Note that all these excuses place the source of the problem with(in) the child or with their parent/s.

”We need to be outraged at this failure to teach and insouciant parent blame. It’s not your fault. It’s not within him. It’s inadequate teaching.” 
(Lisa Jeffery. Twitter/X)

Galen Alessi, a Professor of Psychology, conducted a fascinating study on school psychologists (Alessi. 1988). He asked 50 school psychologists to list the causes of the learning difficulties of about 5,000 students. The results of these 5,000 reports prepared by the school psychologists, ”indicated clearly no need to improve curricula, teaching practices, nor school administrative practices and management. The only needs somehow involve improving the stock of children enrolled in the system, and some of their parents…After examining several “mainstream” school psychology texts, Alessi found that when assessing children’s reading problems, school factors were mentioned as a factor between 7% and 0% (zero) of the time. “Child factors” were held responsible for reading problems between 90% to 100% of the time.” 
(The Blame Game! Are School Problems the Kids’ Fault? Pamela Darr Wright. Wrightslaw.com)

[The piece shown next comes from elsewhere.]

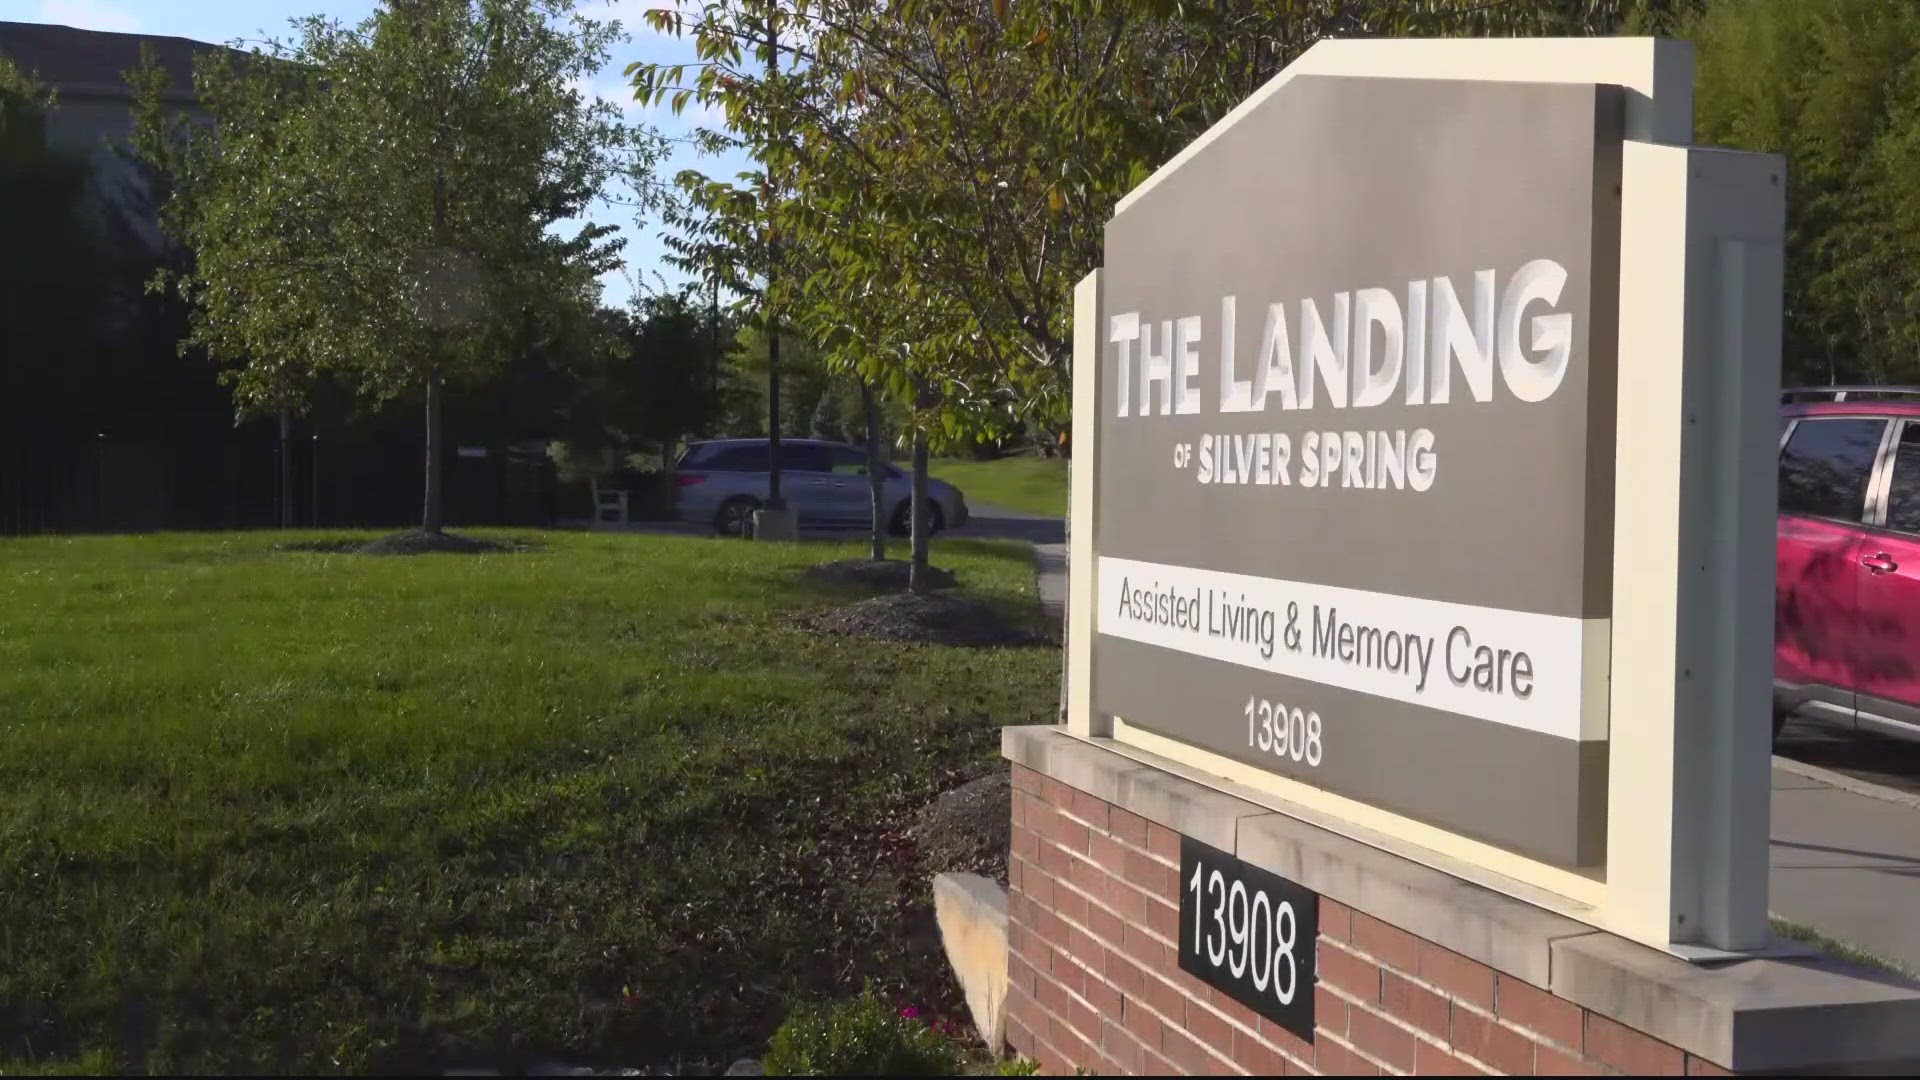 At least 53 stunned elders are facing eviction from a Montgomery Co. assisted living and memory care facility.

”Wade and Moore asked teachers the question, “Who is to blame for students’ failure to learn?” That 65% of teachers blamed child characteristics, and 32% of teachers blamed the home situation would probably be a surprise to those parents who view schools as the major influence on learning. Only 3% of teachers blamed teachers or the school system for learning problems.” 
(Hempenstall. K. Blog: Failure to learn: causes and consequences. NIFDI.org)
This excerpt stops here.